Куртку он зачем-то снял и накинул поверх плеч, а сам выглядел не румяней Алена.
— Что значит — пропал? Он собирался меня съесть, а потом взял и убежал?
— Он не убежал. — Ив покачнулся и обхватил себя рукой за левое плечо. — Он просто исчез. Я видел, как он склонился над тобой, я выбежал на поляну собираясь с ним сразиться, но его уже не было. Он словно растворился в воздухе.
— Чудеса в решете, — пробормотала я, стряхивая с плеча упавшую с дерева ветку.
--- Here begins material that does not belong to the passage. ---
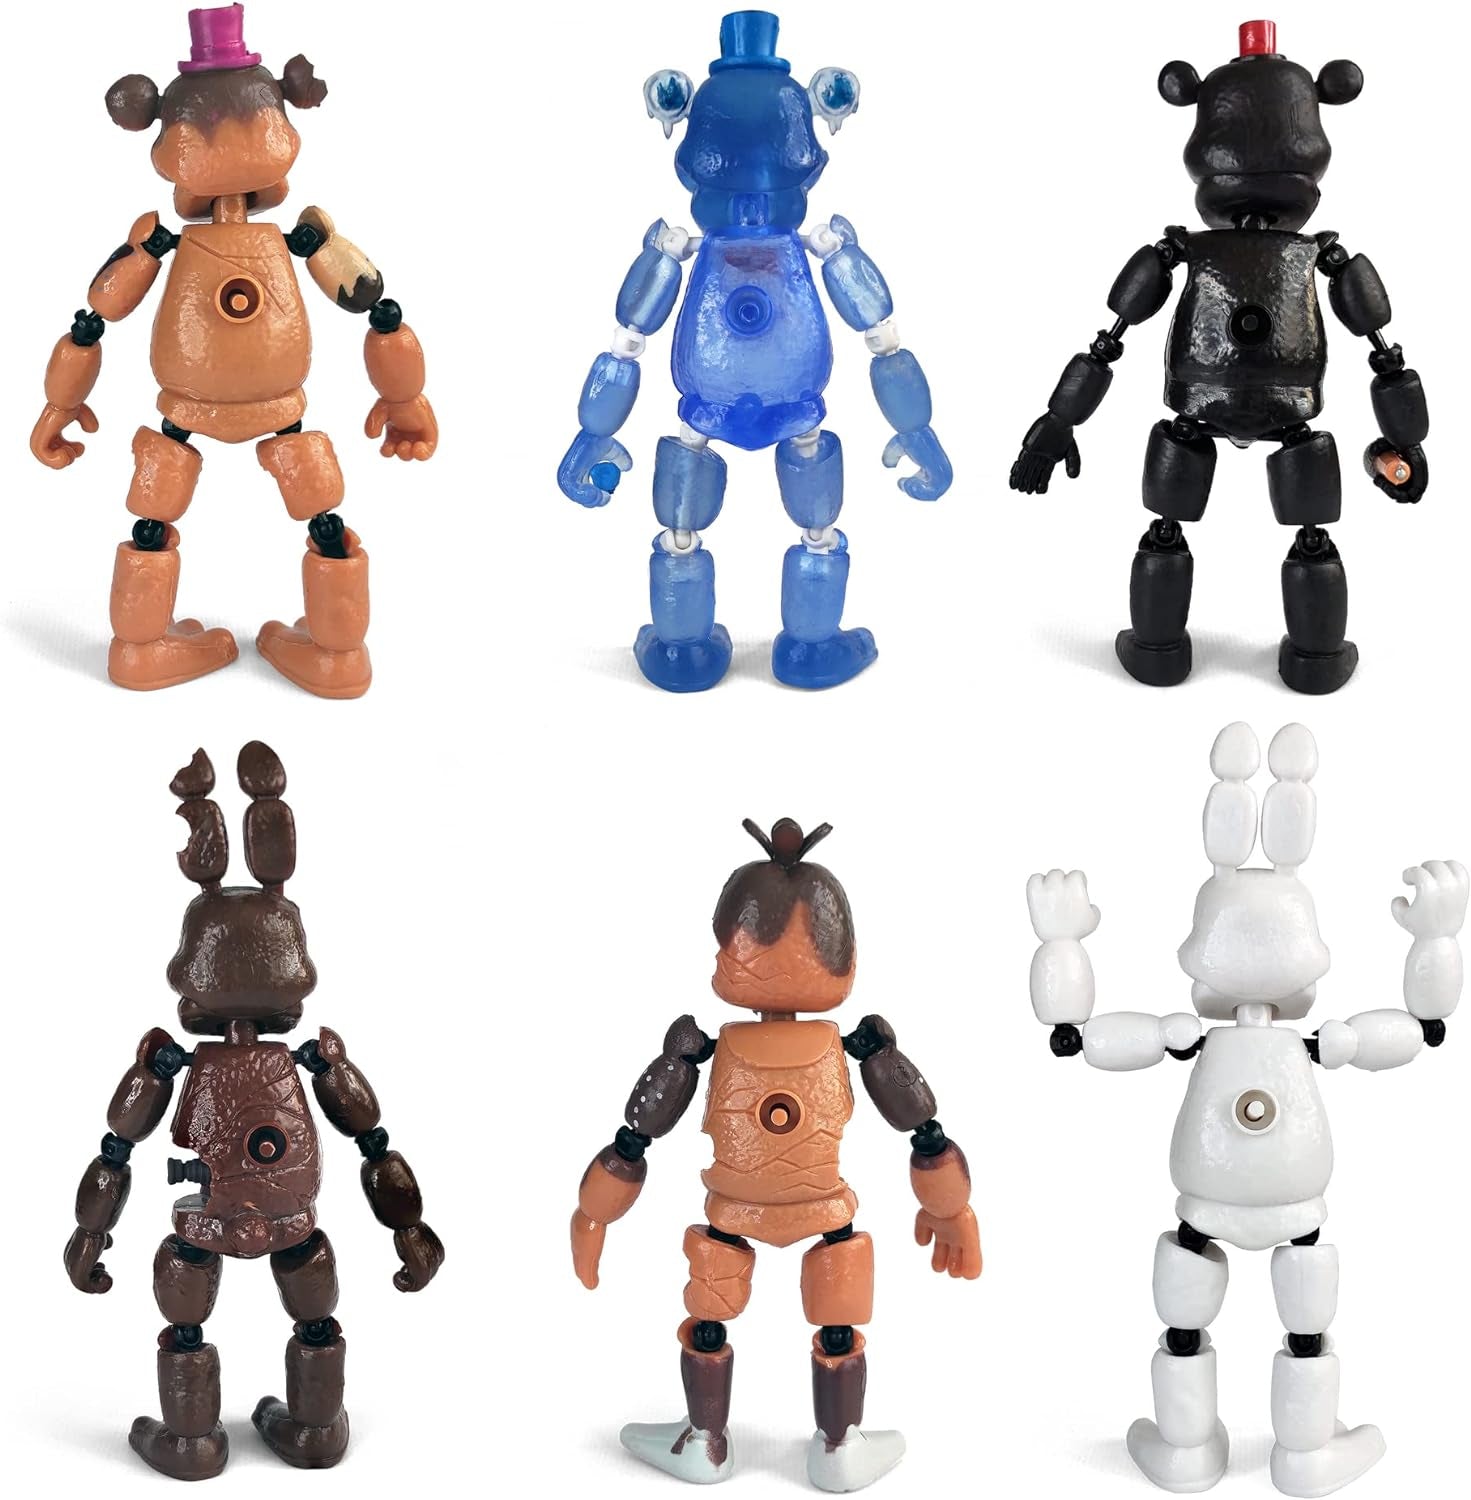 Inspired by Five Nights at Freddys | Chocolate | Freddy'S Action Figures Toys (FNAF) Set of 6 Pcs [Rockstar & Chocolate Freddy, Bonnie, Chica, Easter, Freddy Frostbear]

Ладонь скользнула по мокрой рубахе и окрасилась в алый цвет. Я ведь ранена! Да еще как! Рваная рана плеча и потеря не меньше трех литров крови. И я стою? Разговариваю? Нахожу силы острить? Вместо того, чтобы наспех составлять устное завещание и искать в кустах свою отгрызенную конечность? Кто-то должен мне все это объяснить!
— Ив! — вскрикнула я, бросаясь к рыцарю.
Тот как подкошенный рухнул на землю. Куртка соскользнула с плеча, обнажив кровавое пятно на белом рукаве.
Вот тебе и исчезнувший медведь! Да этот людоед и его успел покусать!
— Ив! — запричитала я, поворачивая рыцаря на спину.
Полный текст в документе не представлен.